### WORK INSTRUCTION
Below is a listing; retype exactly the lines between the one containing "Sunset Elopement on" and the one containing "Bowl of angel", inclusive, minus the pictures.

### PROVIDED ENTRIES
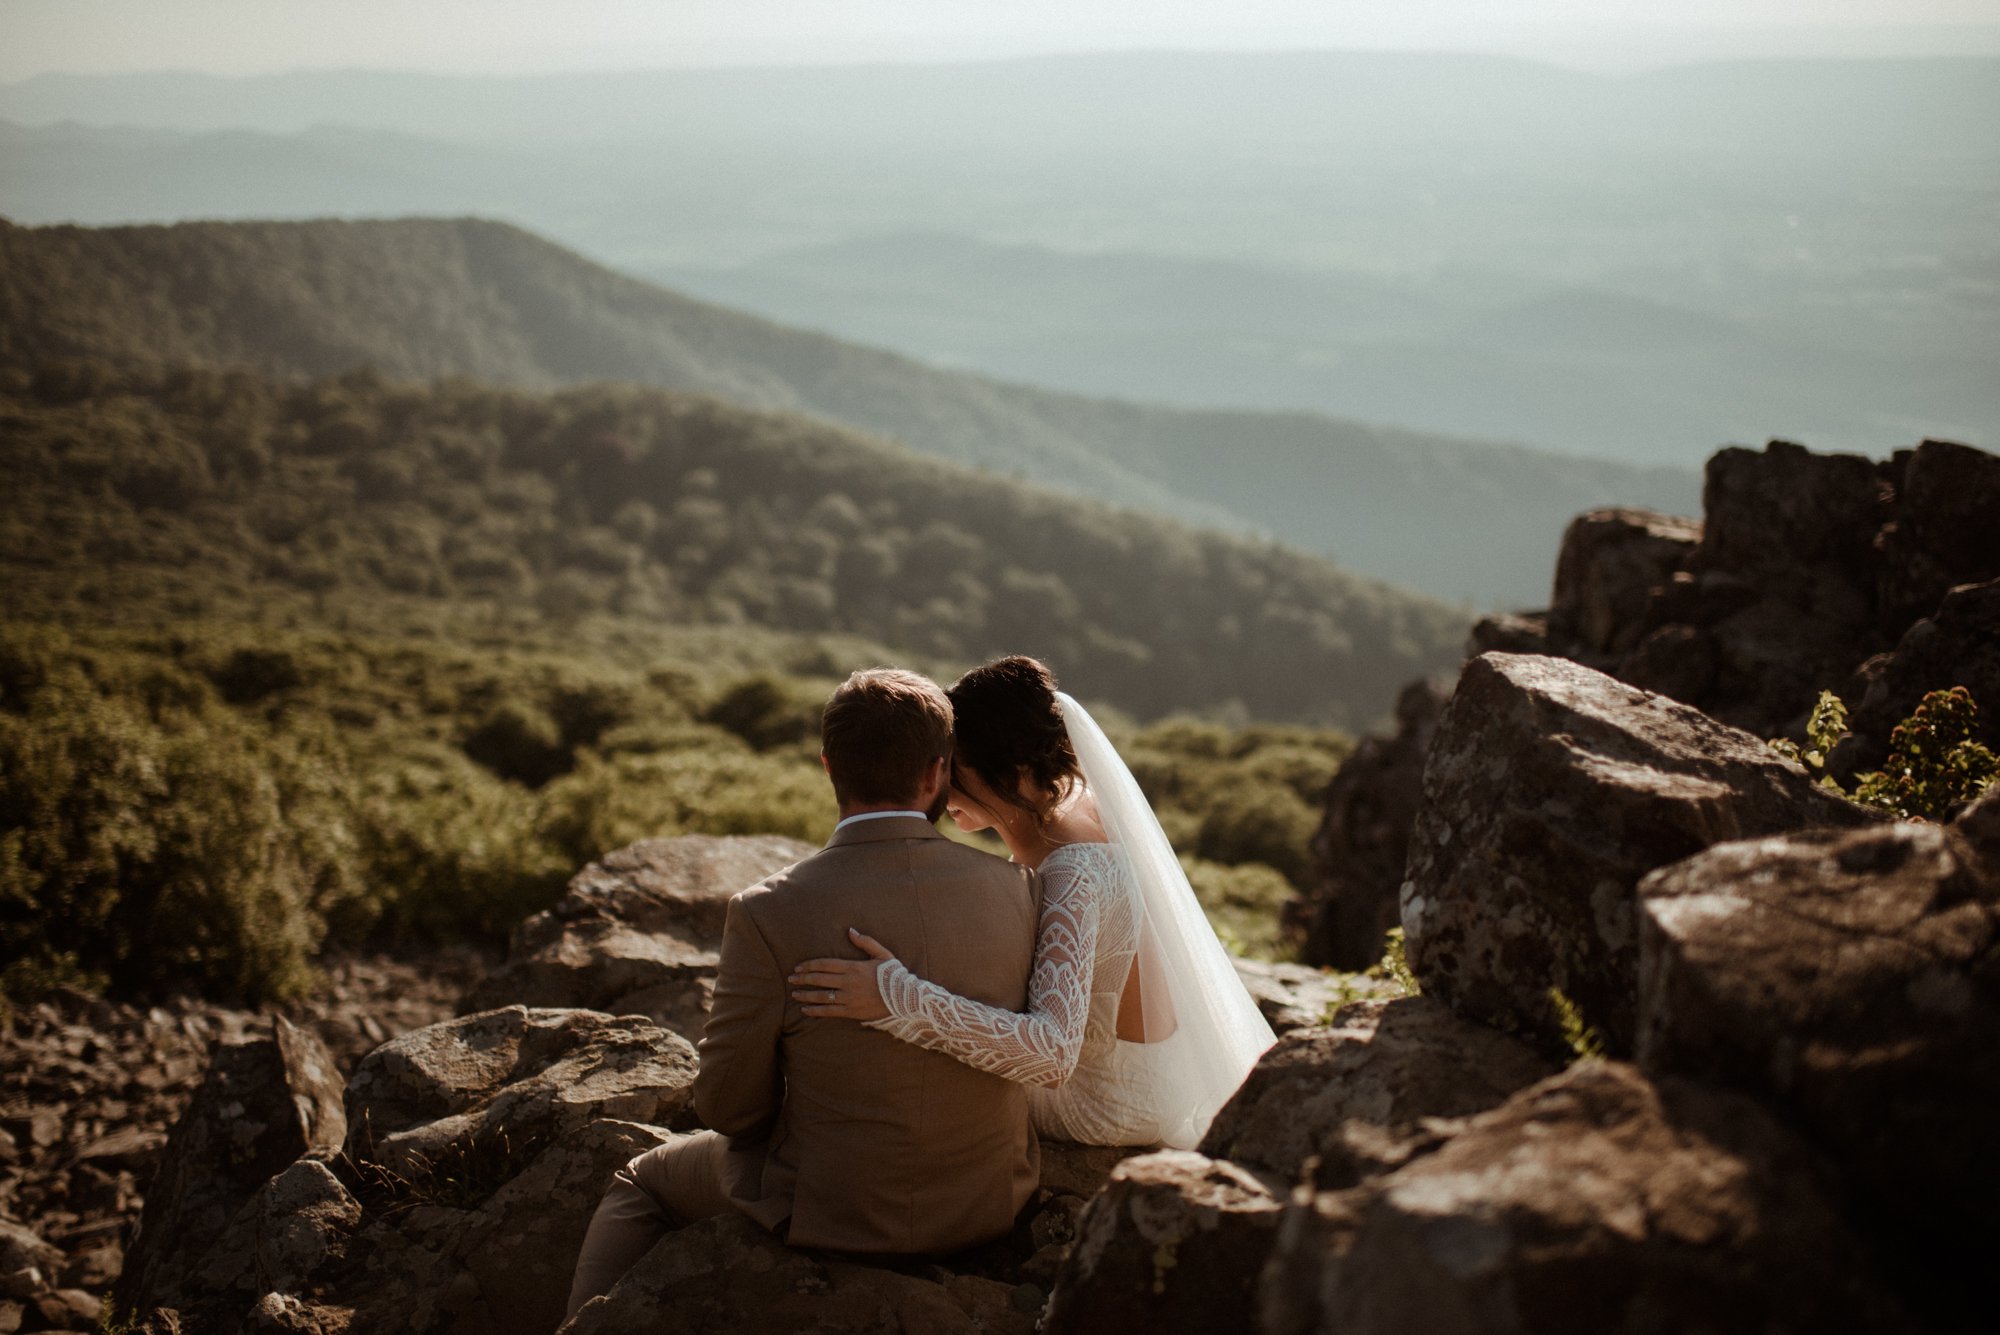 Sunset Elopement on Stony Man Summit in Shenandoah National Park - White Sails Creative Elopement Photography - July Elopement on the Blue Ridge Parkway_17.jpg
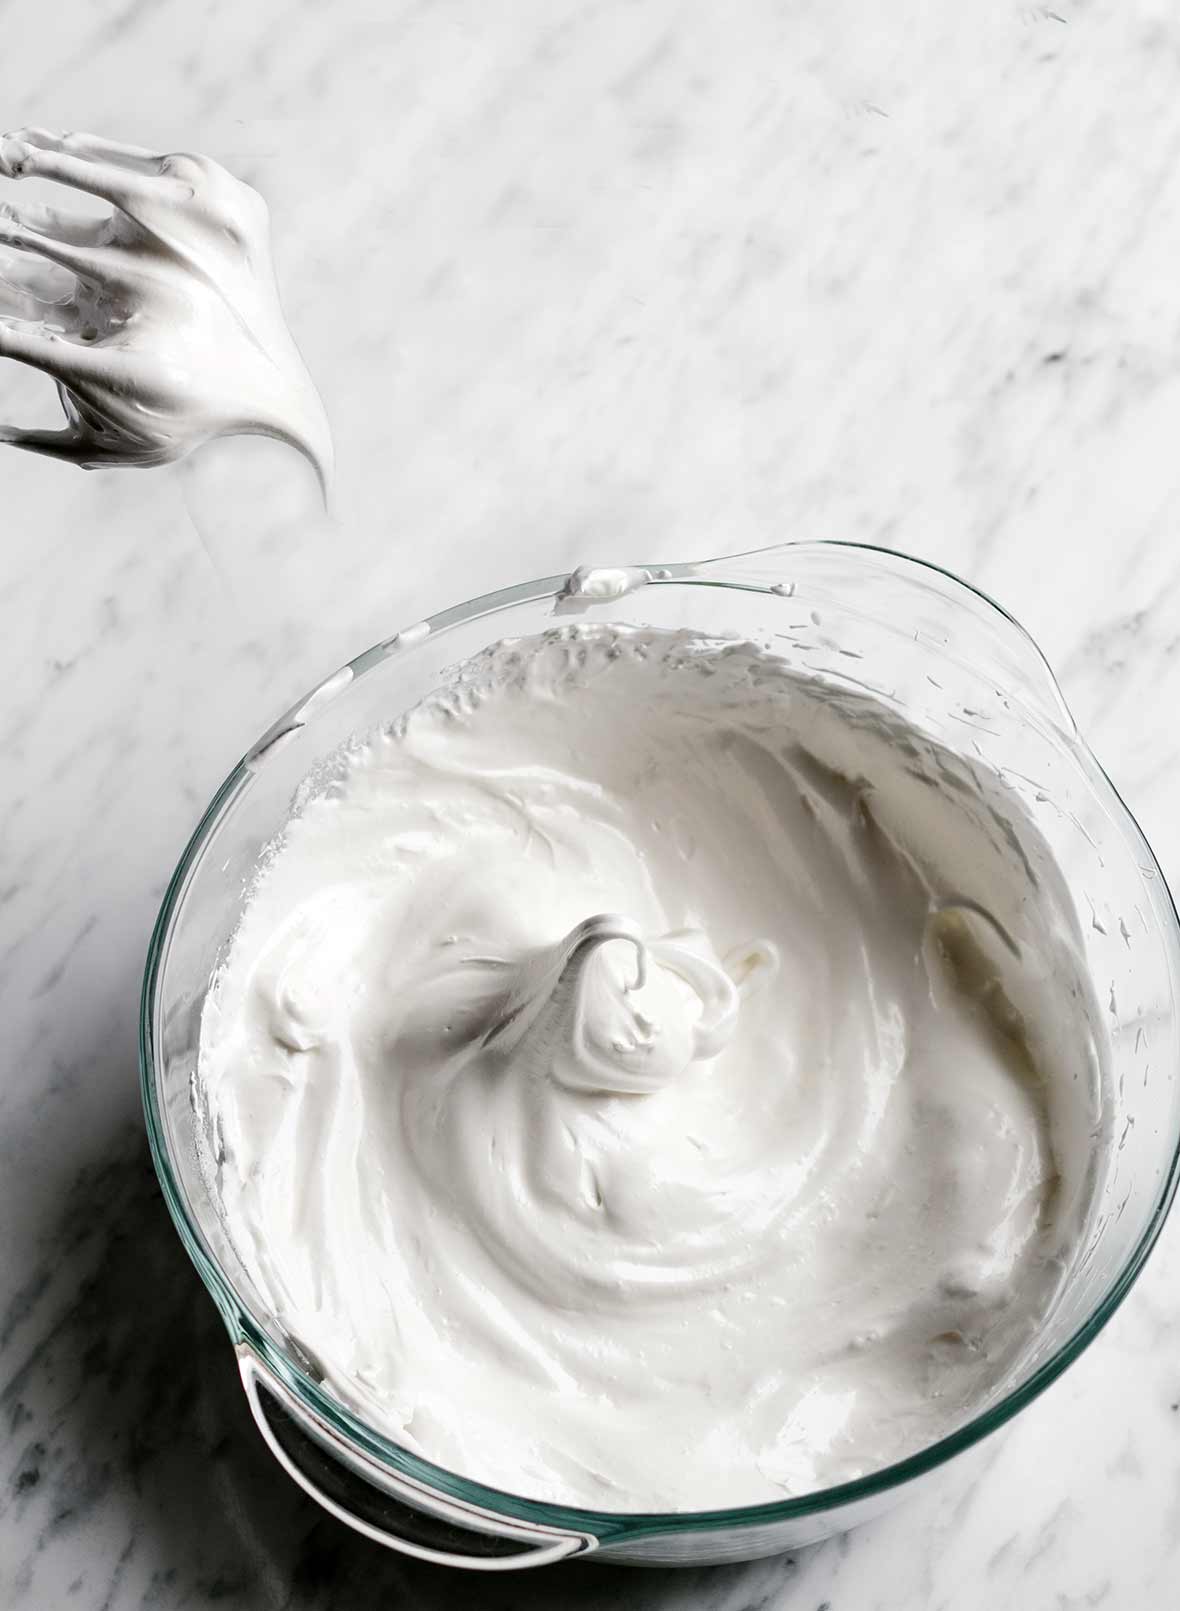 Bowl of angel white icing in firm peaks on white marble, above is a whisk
...
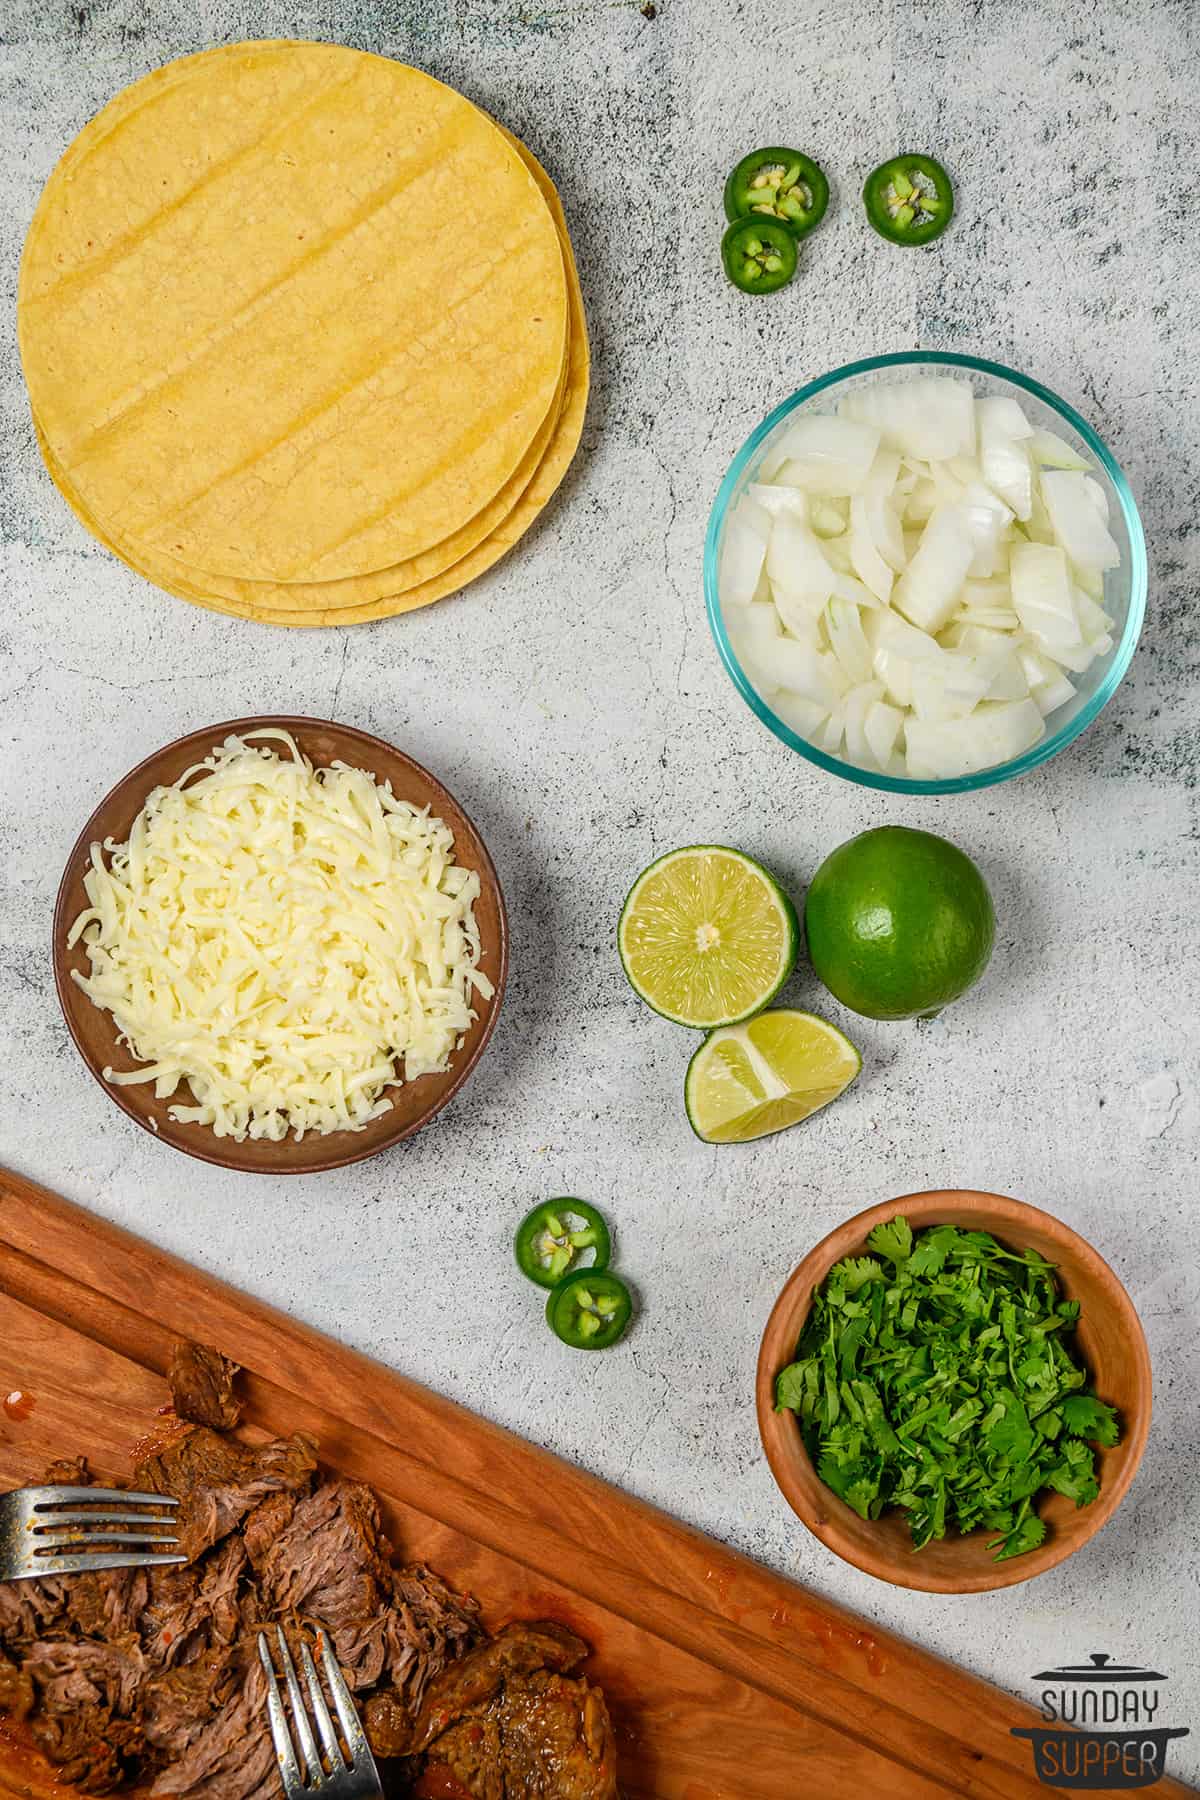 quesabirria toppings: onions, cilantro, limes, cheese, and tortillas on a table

### ANSWER FOR THIS EXERCISE
 Sunset Elopement on Stony Man Summit in Shenandoah National Park - White Sails Creative Elopement Photography - July Elopement on the Blue Ridge Parkway_17.jpg
 Bowl of angel white icing in firm peaks on white marble, above is a whisk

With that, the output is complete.